As difficult as it may be to find the hidden location of Dragos's lair, the Order was resourceful and determined. Those were the very qualities Dragos was counting on to get them halfway into the trap that he and Roth had set for them. Claire's blood bond to Roth and her ridiculous sense of honor would do the rest. Roth had no misconceptions that his future was riding on the success of this pending offensive strike against the warriors. If none of the assassins charged with aiding him didn't finish him off should he fail, then Dragos certainly would. As he made his final inspection of the detonators and pounds of explosives, he wondered if he hadn't been handed a suicide mission. But he had no intention of dying here. The warriors, however … Once they were led into his trap, there would be no chance of any one of them getting out alive.
He could only hope that the Order sent their entire membership after him. It would be such a pleasure to watch the group of them perish in one fell swoop. So much the better if that number included Claire and her reunited lover. Satisfied that all was in readiness in the lab, Roth headed into the UV-light prison area to check the settings one final time. He wanted everything to be perfect for the Order's imminent arrival… and their resulting demise.
It was too damned quiet. Lucan and the rest of the Order had spent the better part of the night combing the city, looking for any signs of Dragos or the Gen One assassins he'd apparently loosed on the streets to bring the Order out. Several hours of searching every deserted lot, warehouse, back alley, and rooftop, and Lucan was coming up empty. So were the rest of the teams on patrol tonight. He'd just hung up with Niko and Renata, who'd been jointly sweeping the area down by the Mystic River with Dante and Hunter. Not a trace of trouble, other than the usual bullshit perpetrated by mankind against its brothers. Frankly, the relative peace he was finding tonight didn't sit well with him.

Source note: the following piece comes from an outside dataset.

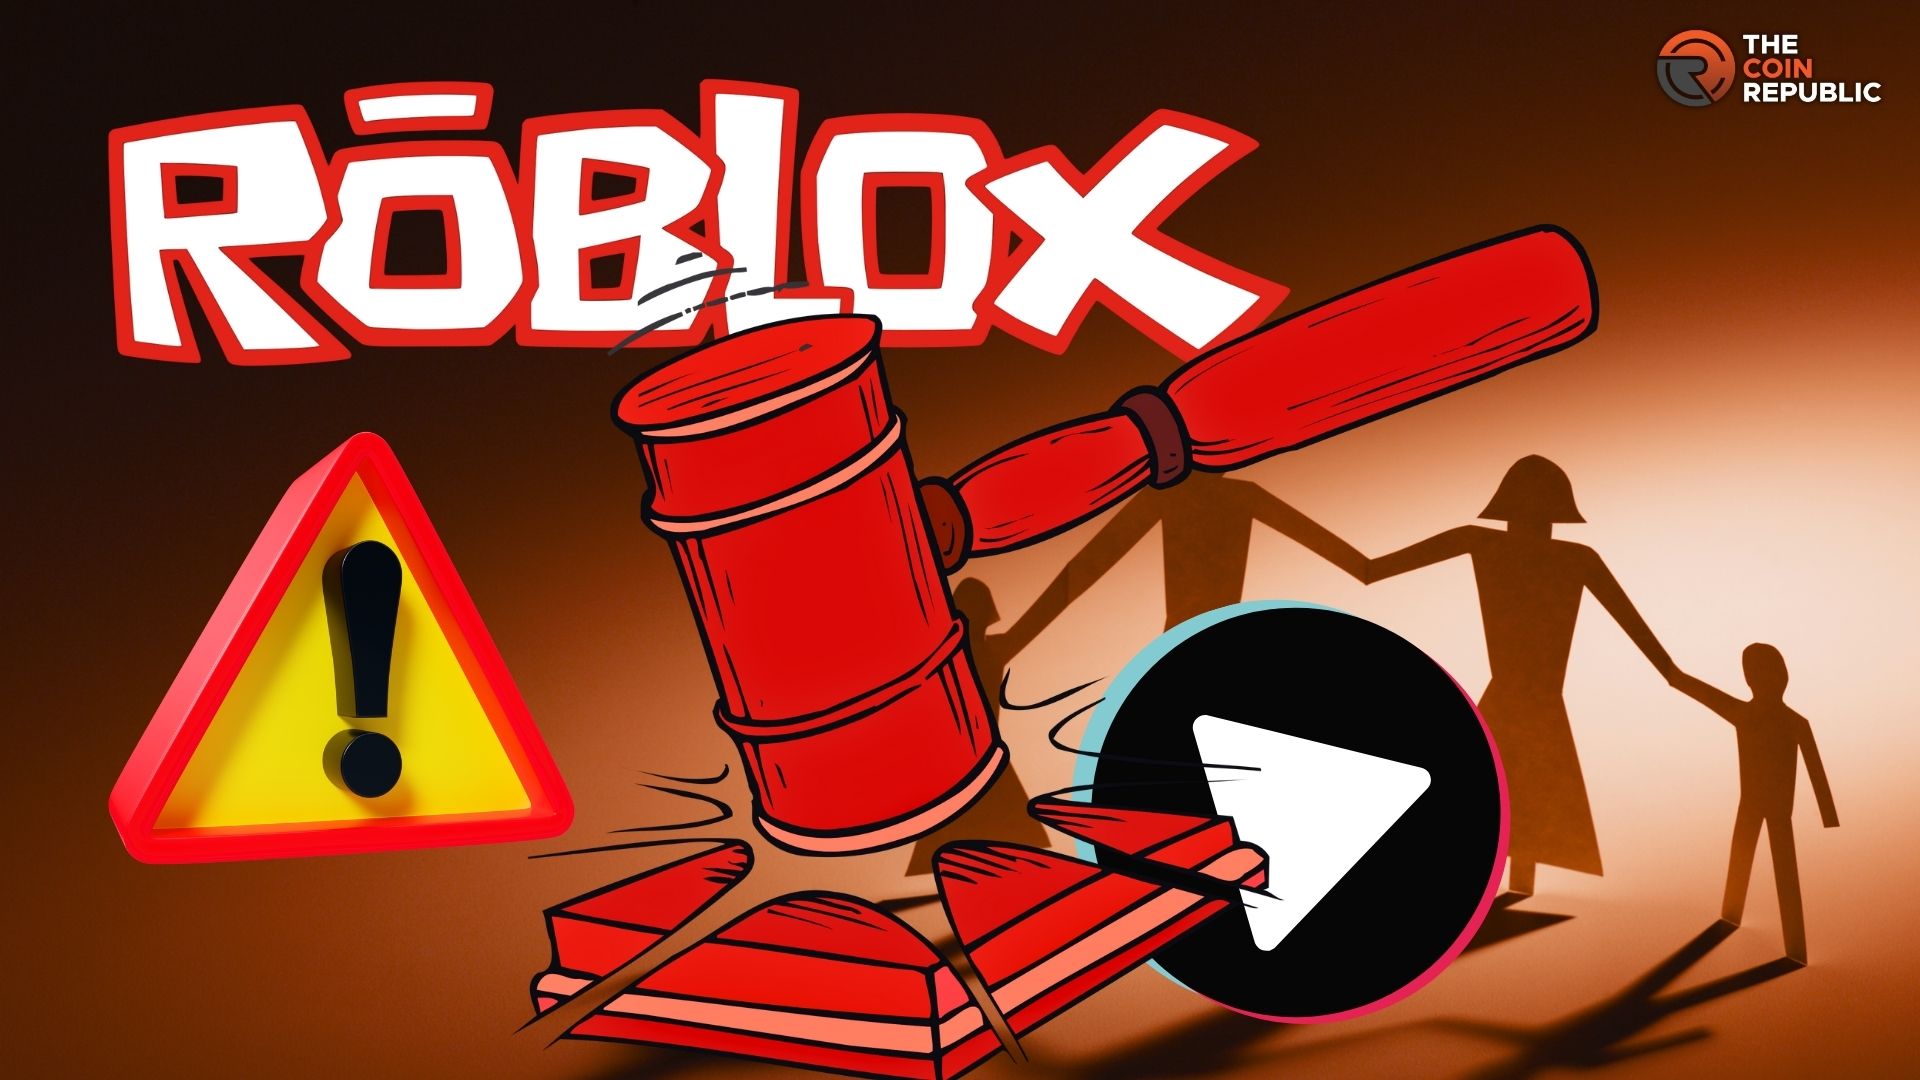 Alleged Exposure to Explicit Content Leads Roblox Into a Lawsuit

Something seemed… off. Lucan could still feel it in his marrow that some serious trouble had been ramping up in the city the other night. Those human killings were significant in their brutality and their brazenness. The Order was being lured out to play in a very blatant manner, so why would Dragos pull back his strikes now that he had their attention? As Lucan made one more visual sweep of his area in the final hour before dawn, he couldn't help feeling that he and the rest of the Order were standing in the way of a pending tsunami. The tide and wind had sucked back hard, leaving an eerie, false state of calm. It was quiet now, but at any minute that mother of a wave was going to come pouring over them and consume everything in its path.